[DATASET ENTRIES — start]
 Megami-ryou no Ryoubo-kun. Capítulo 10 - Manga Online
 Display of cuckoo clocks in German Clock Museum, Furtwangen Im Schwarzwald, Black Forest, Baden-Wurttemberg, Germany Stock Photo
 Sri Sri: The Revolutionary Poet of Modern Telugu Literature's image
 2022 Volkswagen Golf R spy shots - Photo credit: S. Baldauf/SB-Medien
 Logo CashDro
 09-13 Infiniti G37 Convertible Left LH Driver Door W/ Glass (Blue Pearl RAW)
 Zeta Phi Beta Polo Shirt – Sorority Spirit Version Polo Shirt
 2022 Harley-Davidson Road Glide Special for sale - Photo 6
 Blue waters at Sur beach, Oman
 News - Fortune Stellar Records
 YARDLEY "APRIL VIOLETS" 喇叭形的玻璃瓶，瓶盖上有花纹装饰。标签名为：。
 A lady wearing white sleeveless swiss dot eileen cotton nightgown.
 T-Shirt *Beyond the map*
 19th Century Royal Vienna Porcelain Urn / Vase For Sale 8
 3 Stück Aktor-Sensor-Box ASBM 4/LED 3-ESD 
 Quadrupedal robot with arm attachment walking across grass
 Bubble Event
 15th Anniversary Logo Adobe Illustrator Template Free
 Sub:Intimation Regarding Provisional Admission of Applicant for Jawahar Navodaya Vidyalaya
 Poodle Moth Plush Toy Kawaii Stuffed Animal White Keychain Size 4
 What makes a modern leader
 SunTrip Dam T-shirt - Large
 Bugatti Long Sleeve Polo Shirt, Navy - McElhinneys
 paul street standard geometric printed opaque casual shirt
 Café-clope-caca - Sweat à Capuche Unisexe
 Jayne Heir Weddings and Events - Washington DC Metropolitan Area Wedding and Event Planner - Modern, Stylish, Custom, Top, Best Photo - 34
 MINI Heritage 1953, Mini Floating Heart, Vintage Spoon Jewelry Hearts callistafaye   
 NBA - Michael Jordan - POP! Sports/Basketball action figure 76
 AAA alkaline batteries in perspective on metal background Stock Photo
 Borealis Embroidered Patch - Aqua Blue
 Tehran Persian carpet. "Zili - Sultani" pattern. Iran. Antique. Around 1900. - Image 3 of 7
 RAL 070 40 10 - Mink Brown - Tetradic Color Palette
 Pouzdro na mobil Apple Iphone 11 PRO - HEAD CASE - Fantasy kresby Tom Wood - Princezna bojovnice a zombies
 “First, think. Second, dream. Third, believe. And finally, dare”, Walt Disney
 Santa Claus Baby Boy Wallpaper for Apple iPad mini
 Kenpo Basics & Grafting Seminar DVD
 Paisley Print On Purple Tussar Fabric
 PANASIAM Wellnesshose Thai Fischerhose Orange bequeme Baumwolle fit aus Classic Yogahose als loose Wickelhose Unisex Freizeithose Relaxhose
[DATASET ENTRIES — finish]
● **TASK DETAILS**: The required output is the set of lines from the first line of the data through the line that contains "Paisley Print On Purple Tussar Fabric", transcribed exactly.

● **WRITTEN RESPONSE**:
 Megami-ryou no Ryoubo-kun. Capítulo 10 - Manga Online
 Display of cuckoo clocks in German Clock Museum, Furtwangen Im Schwarzwald, Black Forest, Baden-Wurttemberg, Germany Stock Photo
 Sri Sri: The Revolutionary Poet of Modern Telugu Literature's image
 2022 Volkswagen Golf R spy shots - Photo credit: S. Baldauf/SB-Medien
 Logo CashDro
 09-13 Infiniti G37 Convertible Left LH Driver Door W/ Glass (Blue Pearl RAW)
 Zeta Phi Beta Polo Shirt – Sorority Spirit Version Polo Shirt
 2022 Harley-Davidson Road Glide Special for sale - Photo 6
 Blue waters at Sur beach, Oman
 News - Fortune Stellar Records
 YARDLEY "APRIL VIOLETS" 喇叭形的玻璃瓶，瓶盖上有花纹装饰。标签名为：。
 A lady wearing white sleeveless swiss dot eileen cotton nightgown.
 T-Shirt *Beyond the map*
 19th Century Royal Vienna Porcelain Urn / Vase For Sale 8
 3 Stück Aktor-Sensor-Box ASBM 4/LED 3-ESD 
 Quadrupedal robot with arm attachment walking across grass
 Bubble Event
 15th Anniversary Logo Adobe Illustrator Template Free
 Sub:Intimation Regarding Provisional Admission of Applicant for Jawahar Navodaya Vidyalaya
 Poodle Moth Plush Toy Kawaii Stuffed Animal White Keychain Size 4
 What makes a modern leader
 SunTrip Dam T-shirt - Large
 Bugatti Long Sleeve Polo Shirt, Navy - McElhinneys
 paul street standard geometric printed opaque casual shirt
 Café-clope-caca - Sweat à Capuche Unisexe
 Jayne Heir Weddings and Events - Washington DC Metropolitan Area Wedding and Event Planner - Modern, Stylish, Custom, Top, Best Photo - 34
 MINI Heritage 1953, Mini Floating Heart, Vintage Spoon Jewelry Hearts callistafaye   
 NBA - Michael Jordan - POP! Sports/Basketball action figure 76
 AAA alkaline batteries in perspective on metal background Stock Photo
 Borealis Embroidered Patch - Aqua Blue
 Tehran Persian carpet. "Zili - Sultani" pattern. Iran. Antique. Around 1900. - Image 3 of 7
 RAL 070 40 10 - Mink Brown - Tetradic Color Palette
 Pouzdro na mobil Apple Iphone 11 PRO - HEAD CASE - Fantasy kresby Tom Wood - Princezna bojovnice a zombies
 “First, think. Second, dream. Third, believe. And finally, dare”, Walt Disney
 Santa Claus Baby Boy Wallpaper for Apple iPad mini
 Kenpo Basics & Grafting Seminar DVD
 Paisley Print On Purple Tussar Fabric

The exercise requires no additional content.